WHAT YOU WILL DO
Nothing but the text of the listing, repeated exactly, belongs in the answer; leave the images out.

RAW DATA

=== Section Start ===

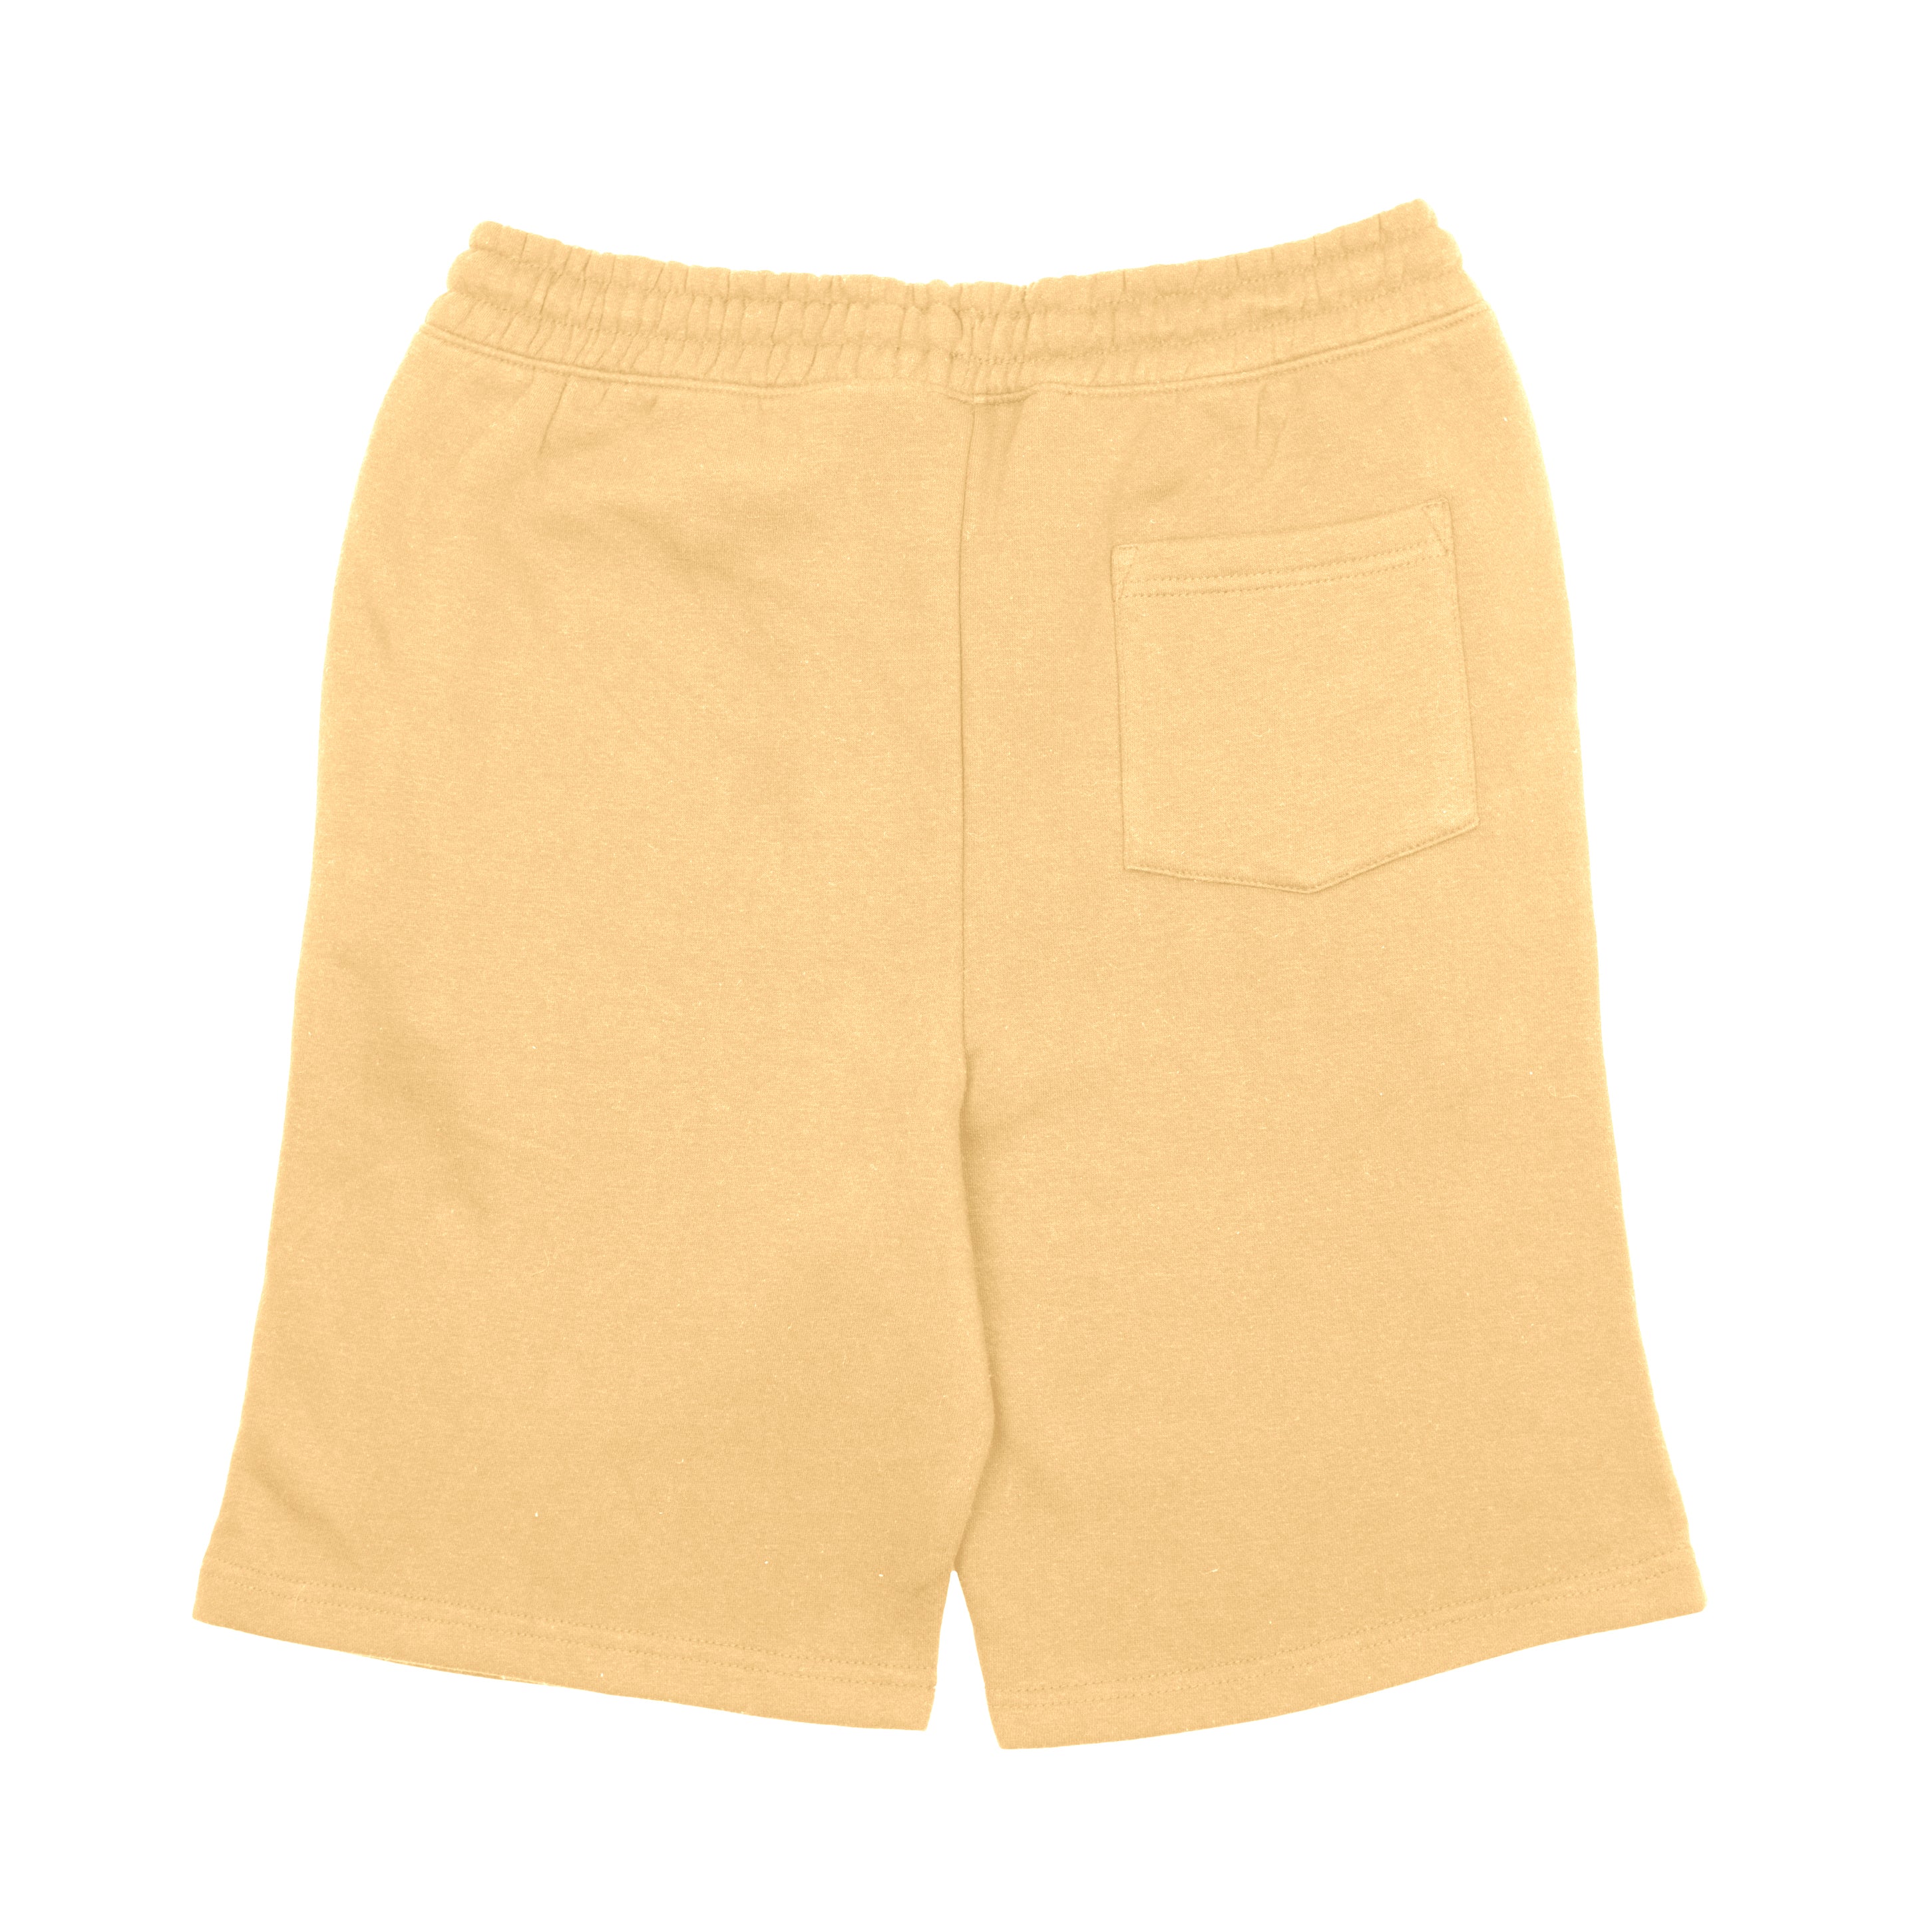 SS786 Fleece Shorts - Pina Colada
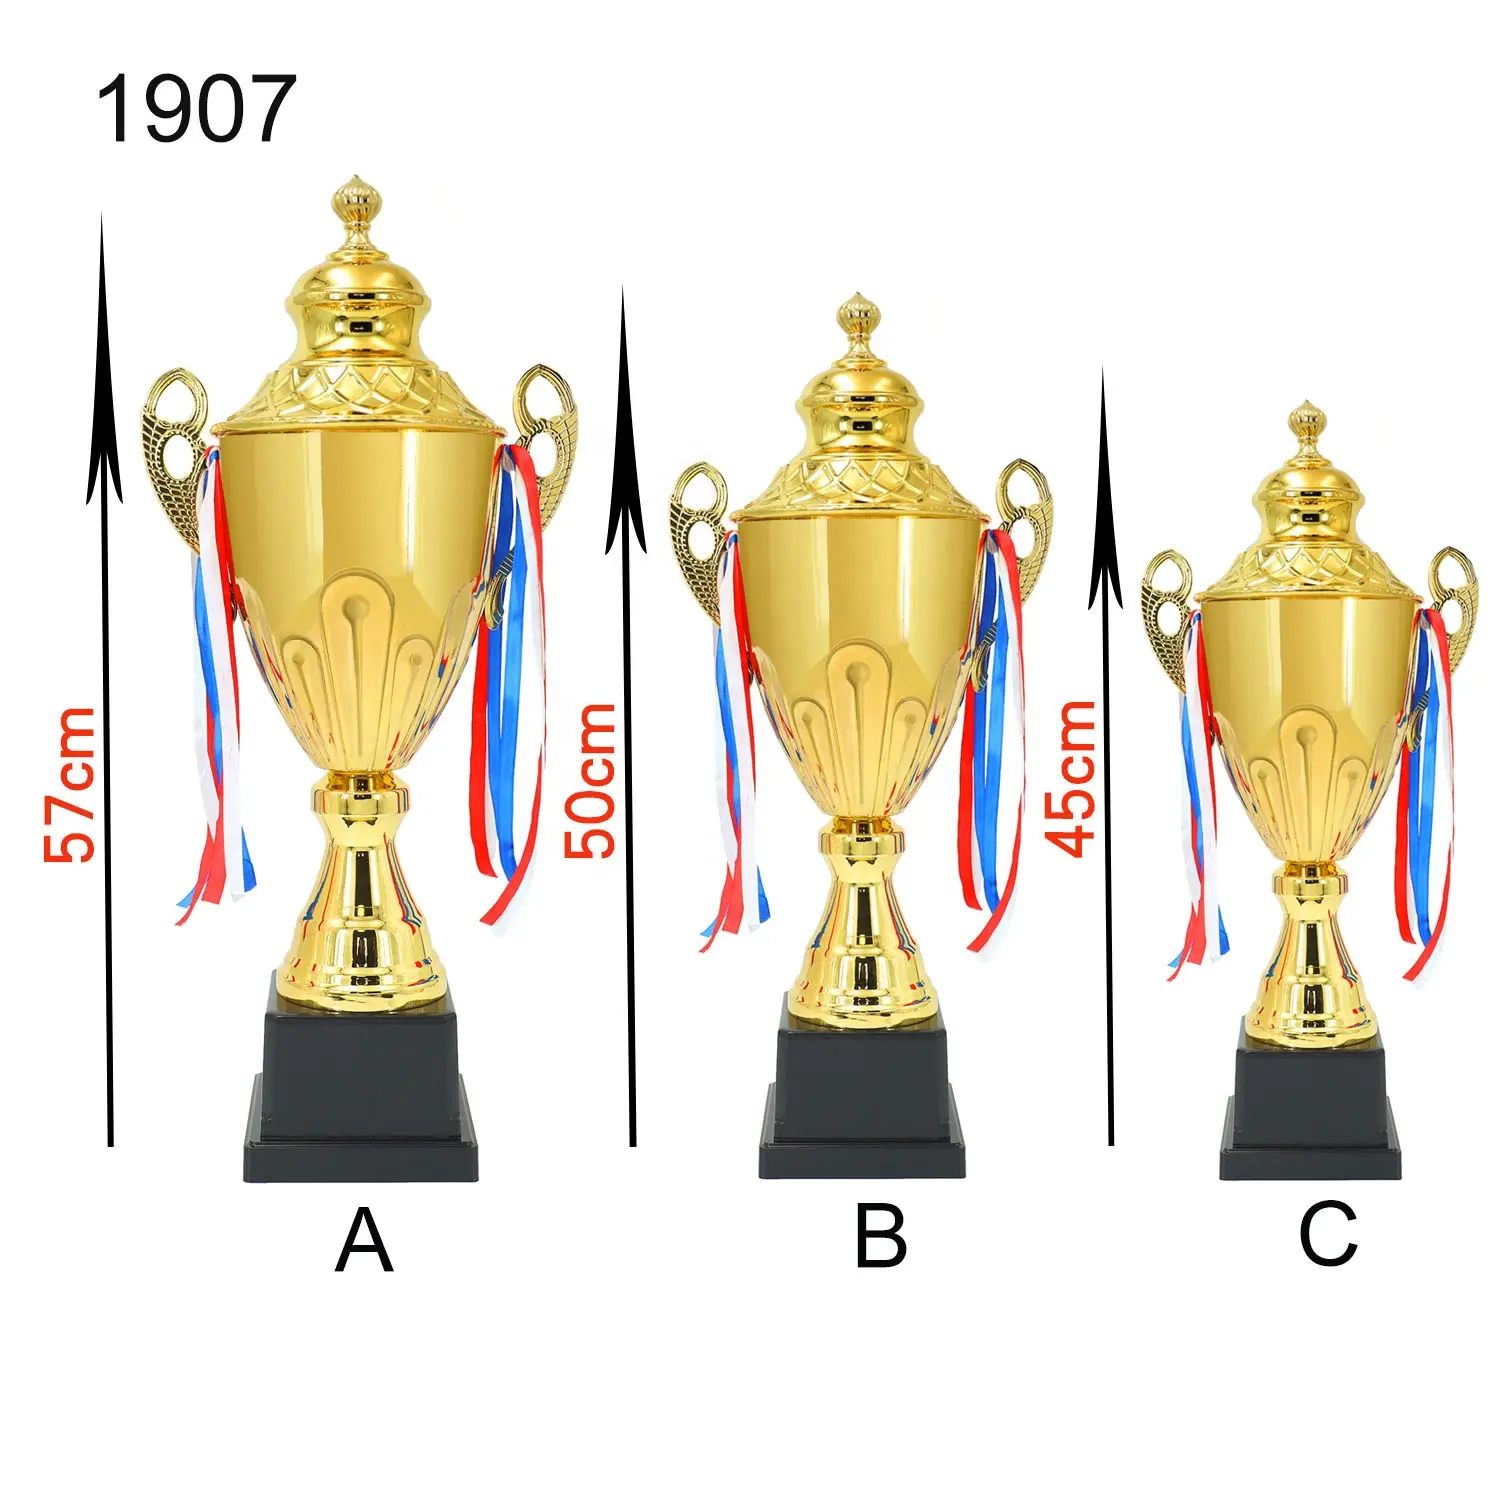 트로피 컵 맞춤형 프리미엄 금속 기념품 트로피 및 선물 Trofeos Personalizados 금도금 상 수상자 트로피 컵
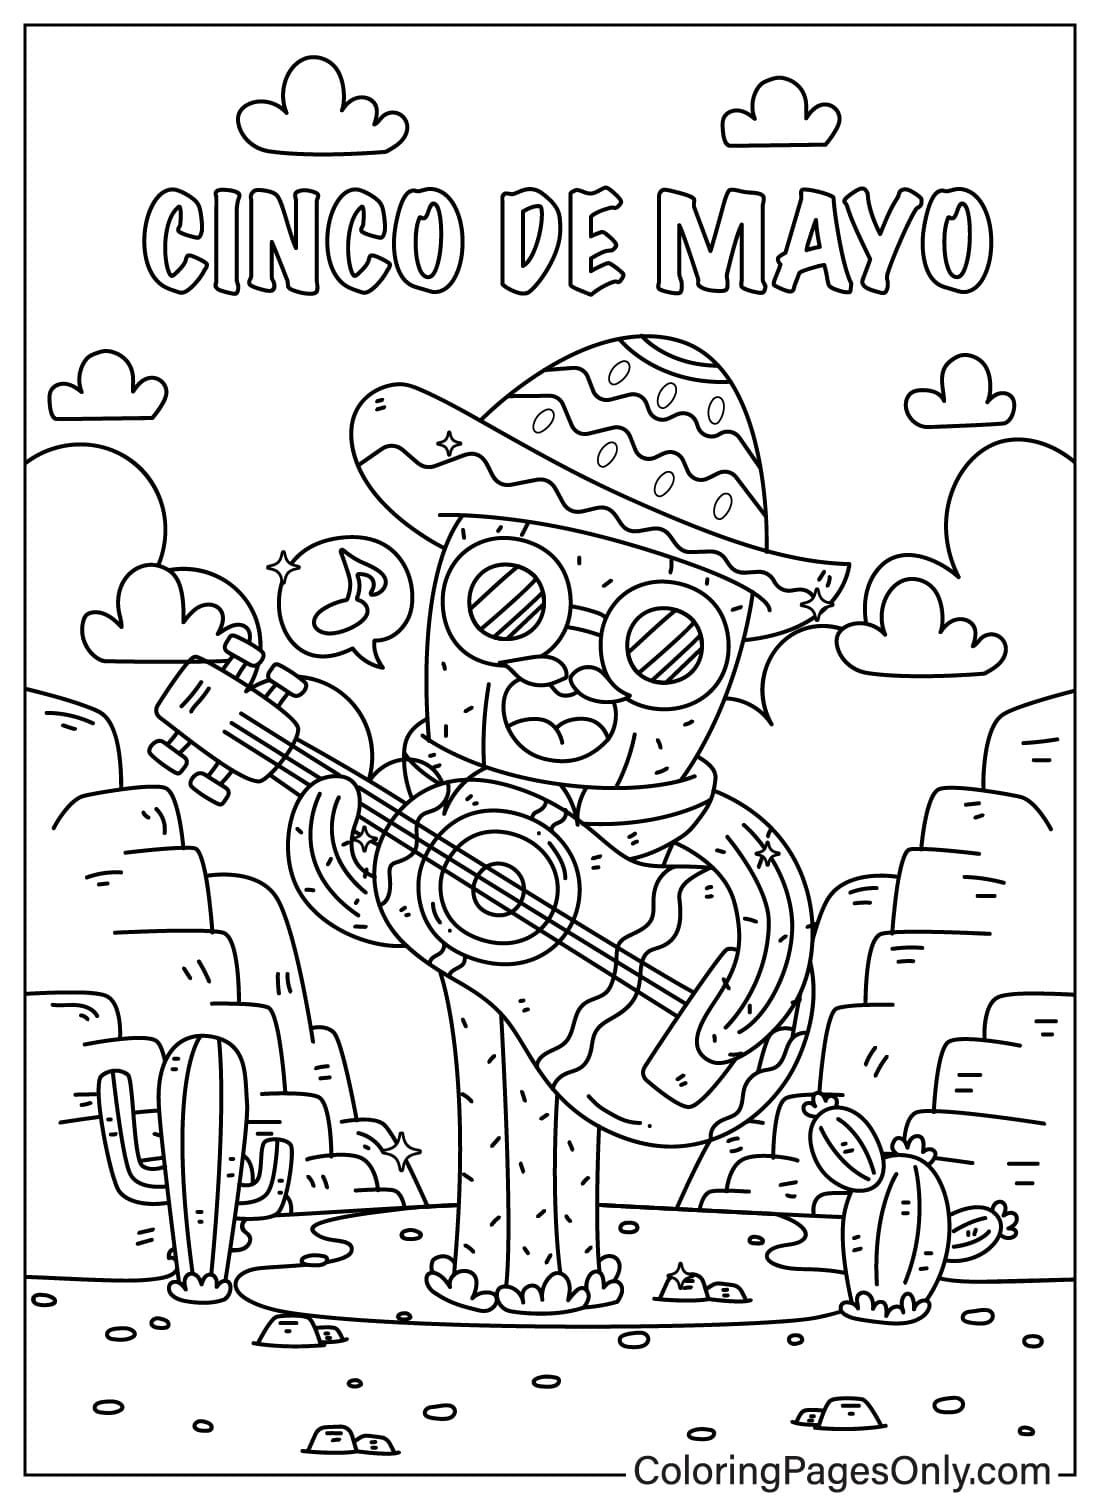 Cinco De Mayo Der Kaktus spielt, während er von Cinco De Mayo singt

=== Section End ===

SOLUTION TO THIS EXERCISE
 SS786 Fleece Shorts - Pina Colada
 트로피 컵 맞춤형 프리미엄 금속 기념품 트로피 및 선물 Trofeos Personalizados 금도금 상 수상자 트로피 컵
 Cinco De Mayo Der Kaktus spielt, während er von Cinco De Mayo singt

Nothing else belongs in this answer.